State secret police arrested Godwin Emefiele over the weekend after Nigeria’s president suspended him.
Nigeria’s sovereign dollar-denominated bonds climbed dramatically as global investors cheered the suspension late last week of Central Bank governor Godwin Emefiele, who oversaw several exchange rates that failed to keep the naira strong.
According to Reuters, the West African oil producer’s Eurobonds jumped as much as 2.6 cents in the dollar on Monday before moderating, with many issues reaching their best levels since late January.
The 2049 maturity rose 2.353 cents to 80.231 at 07:46 GMT, according to Tradeweb data.
Due to chronic dollar shortages in Nigeria, many people buy foreign currency on the black market, where the naira trades substantially cheaper than its official exchange rate.
In a Monday note to clients, Barclays economist Michael Kafe said, “We believe the changes signal a new era of focused, predictable monetary policy and a shift towards non-interventionism in the foreign-exchange regime.”
Two weeks ago, President Bola Tinubu criticized Emefiele’s handling of the naira and monetary policy.
Tinubu has abolished a gasoline subsidy and promised to stabilize currency rates to revive Nigeria’s economy.

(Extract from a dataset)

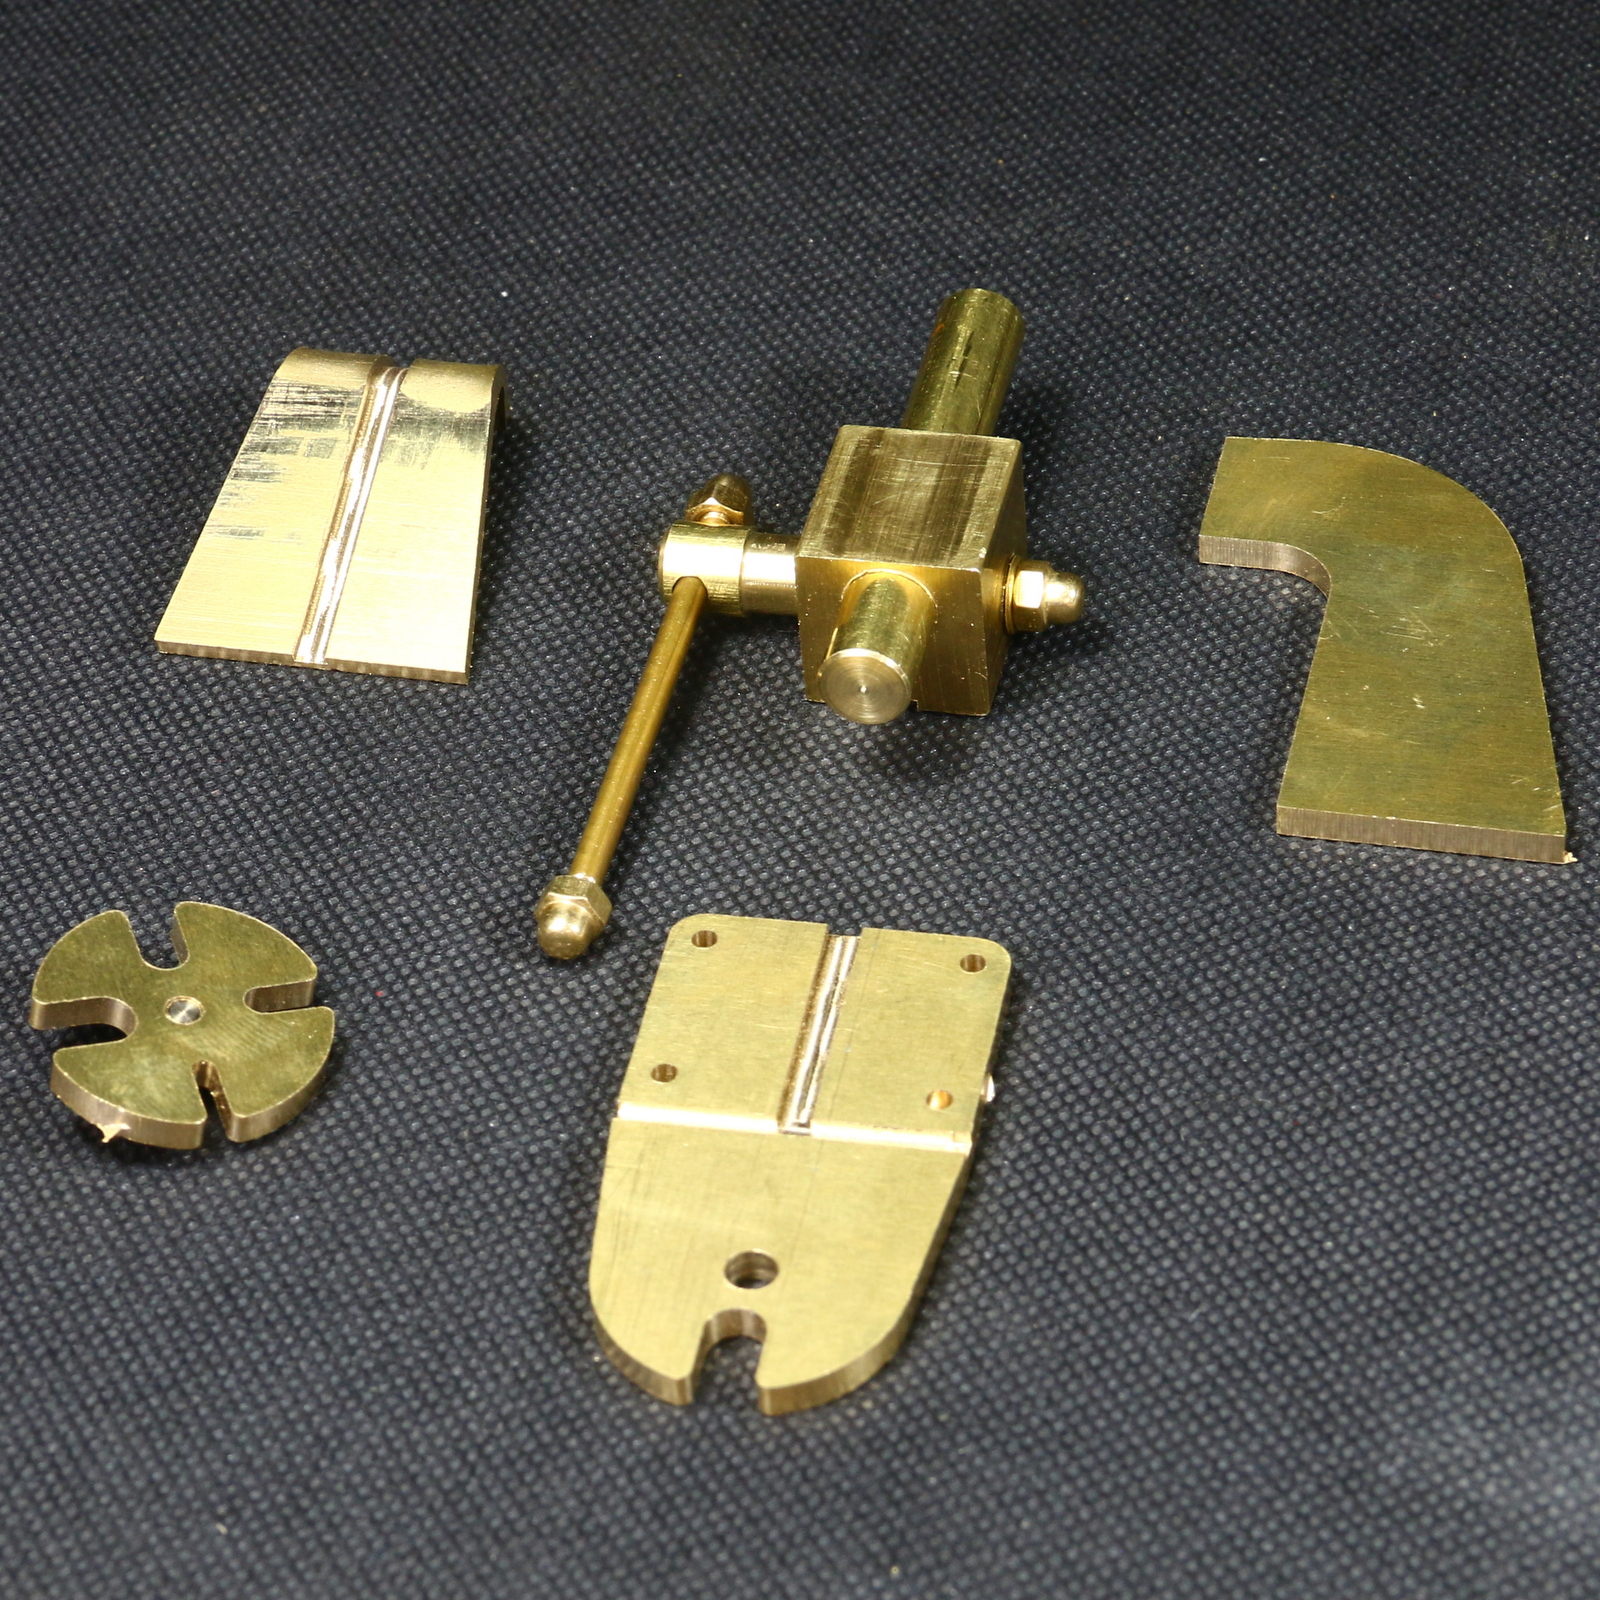 Rotary mandrel press kit

Kafe noted, “The haste with which the newly appointed president has begun to tackle the country’s economic challenges (e.g. the immediate removal of the fuel subsidy…) suggests that he is keen to pursue all the difficult reforms at the early stages of his term.”
The Central Bank’s acting governor is deputy governor Folashodun Shonubi.
Police stated Saturday that the suspended governor is in custody and under investigation.]
A December court judgment prevented Emefiele’s arrest for “terrorism financing” due to a lack of proof. The weekend arrest may be for the same offense.